My hands shake as I dig out my phone. No messages, no missed calls. I want to text Andie, but the idea of typing words is suddenly impossible. I shove the phone back in my pocket and keep going.

By the time I reach the dorm, my shoes squish with every step and my hair’s plastered to my skull. The world’s gone blurry at the edges, all the lights smeared by water and the mess in my head.

I take the stairs two at a time, dripping all the way up. At the landing, I stop and lean against the wall, forehead pressed to the cool cinderblock, letting the shivers rack my body. I count to twenty, then try again, but my lungs won’t work right. The thought of the contract makes me struggle to breathe. It’s a second skin, wrapped tight around my chest.

For a minute, I think about running away. Getting on a bus and disappearing. Starting over somewhere where nobody cares about my grades or my body or what I might be worth to a man who collects women like degrees.

But I’m not that brave, or that dumb. I’m just cold, and wet, and so, so tired.

The hall outside our room is quiet. There’s a paper cutout on the door—Andie’s idea, a pun about finals week and cats—and for a second, it’s so dumb and sweet that I want to scream.

I fish out my key, but I don’t open the door. Not yet. I rest my head against the wood and let the tears come, silent and bitter, mixing with the last of the rain on my cheeks.

Inside, I can hear the faint clatter of Andie’s typing, the muffled thump of her music through cheap earbuds.

I stay out in the hallway until my body goes numb and the crying’s stopped, or at least slowed to a manageable leak. Then I swipe at my eyes, take one breath, and open the door.

The first thingI see is the glow of Andie’s desk lamp, a little golden pool on her mountain of textbooks. She’s in full finals mode—sweatpants, blonde hair in a frizzed-out bun, under-eye masks pasted to her cheeks. The room smells like vanilla, highlighters, and the weird honey-and-patchouli lotion she always slathers on before bed.

She looks up when I come in, blinking at me like I’m a ghost, and then she’s out of her chair so fast the lamp almost topples.

“Jesus, Simone.” Her voice goes sharp. “Did you get mugged?”

I’m about to say “no,” but then I realize I don’t have a better answer.

She takes in my wet hair, the makeup smeared to my jaw, the bloodless way I’m gripping my own arms. Her face goes soft, then fierce.

“Sit,” she says, and pushes me gently onto the edge of my bed.
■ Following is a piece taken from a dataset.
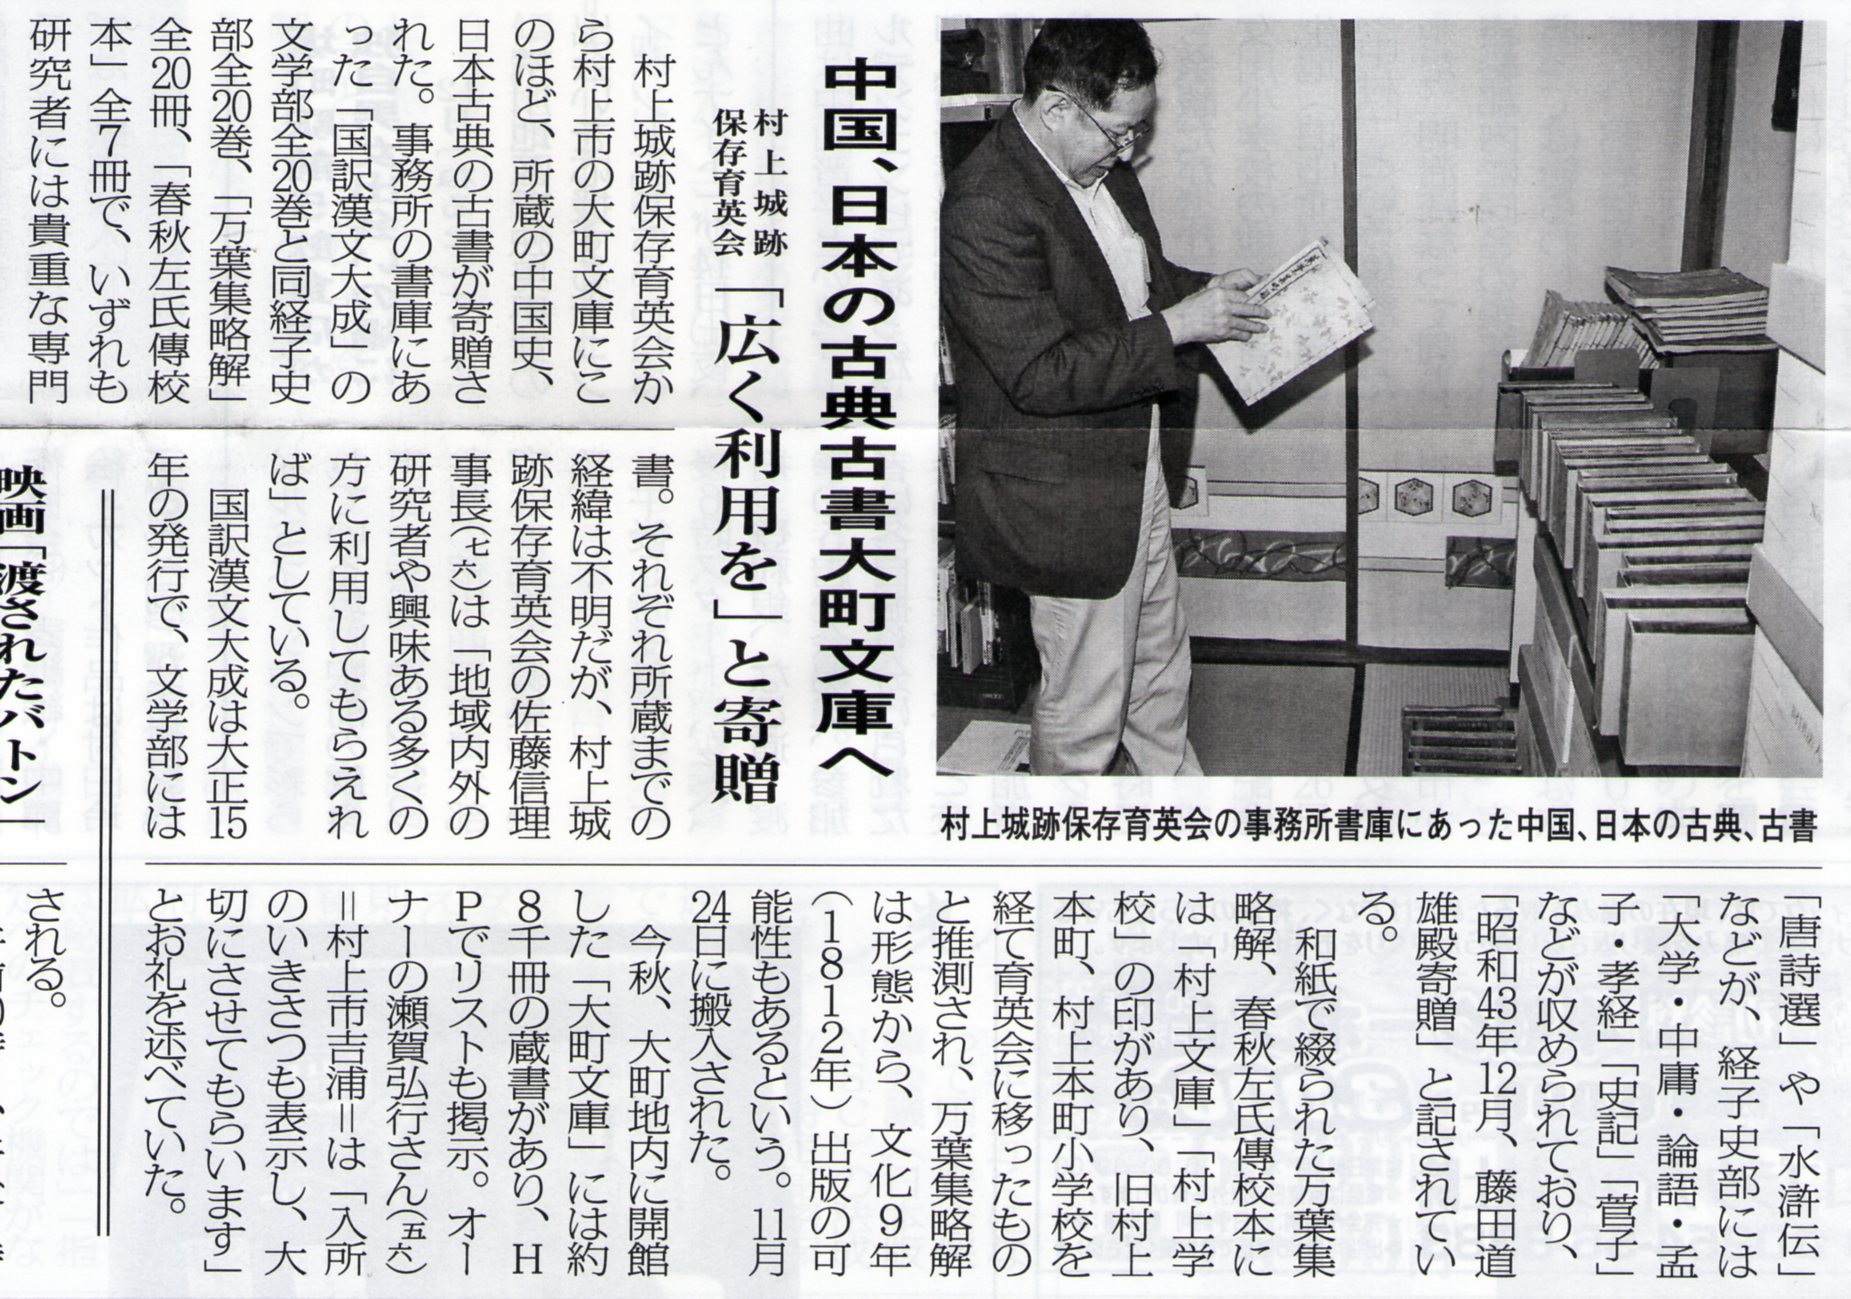 中国史、日本古典の古書 瀬賀弘行 村上城跡保存育英会から村上市の大町文庫にこのほど、所蔵の中国史
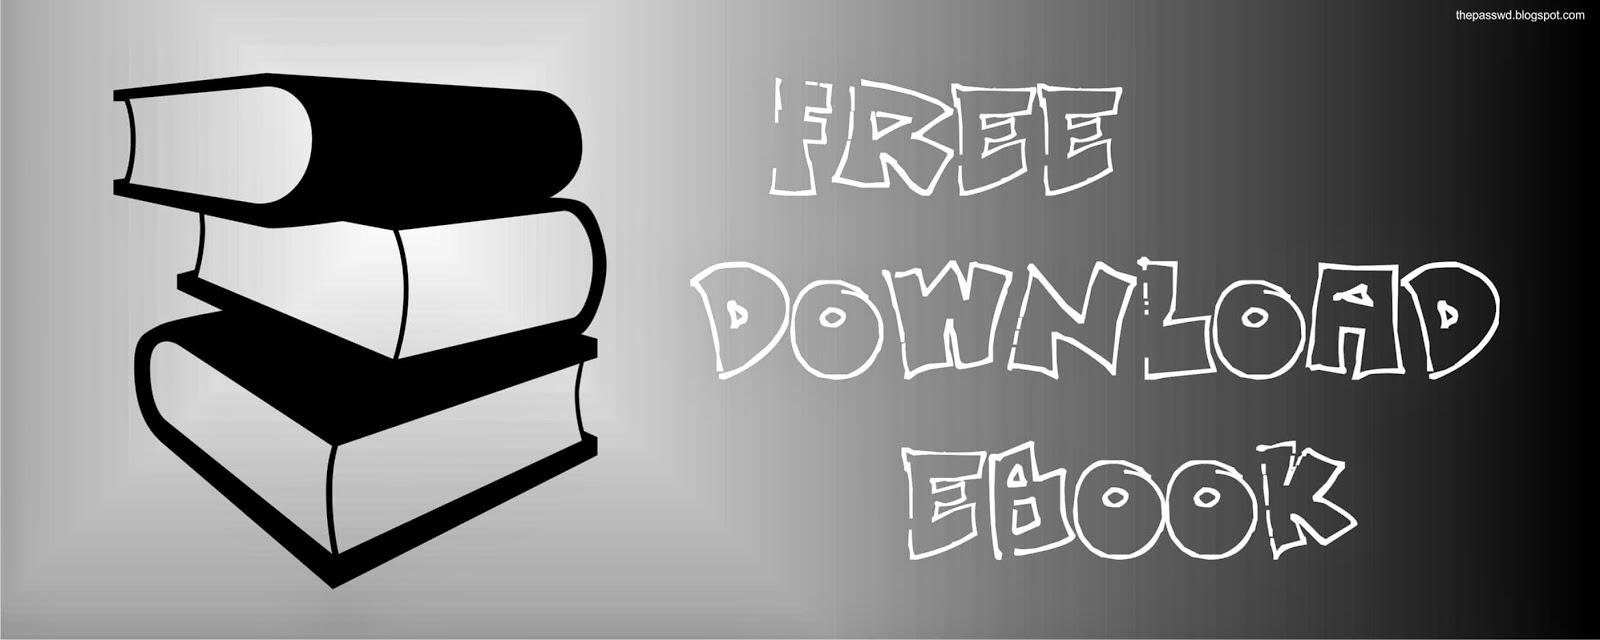 di halaman sebelumnya saya sudah membagikan ebook novel gratis

The comforter is instantly sodden under my weight. Water drips from my jeans, puddling at my ankles, and the damp chill radiates up my spine, turning my bones to glass. I can’t move. I can’t speak.

Andie hovers, not sure where to start. “Are you hurt? Where does it hurt?” She crouches in front of me, hands on my knees, searching for blood or bruises.

I shake my head. “I’m fine,” I manage. The words are brittle, barely audible.

Andie glances at the door, then back at me. “Should I call someone? Security? The RA?”

“No,” I say. “Please don’t.”

She hesitates, then sinks down on the bed beside me. Her hand finds mine, and the pressure of her fingers is the only thing keeping me here. I want to lean into her, let her hold me, but I’m too rigid, my whole body a locked-up firewall.

We sit for a while, just the sound of rain against the window and the far-off whine of someone’s playlist in the next room.

Andie breaks the silence, soft and slow. “Do you want to tell me what happened?”

I shake my head again, but this time the motion cracks something loose. My lips start to tremble. I suck in a breath, but it catches halfway, a hiccup or a sob or both.

Andie gets up, grabs the blanket off her own bed, and drapes it over my shoulders. It smells like her, like Tide laundry pods andmaybe a little bit of weed. The weight of it is a relief. She sits next to me, thigh to thigh, and waits.

After a minute, the words tumble out.

“It’s Liam,” I say. “I saw him tonight.”

She lets that hang. “What did he do? Oh no.”

Andie’s my friend, so she knows that I’ve been seeing Liam. She’s also sensed that we’ve been in a bad place relationship-wise because I’ve been in a funk recently. But this is a new low. I can’t find the words. I keep seeing the contract, the neat lines and the blank for my signature, the way his blue eyes never wavered.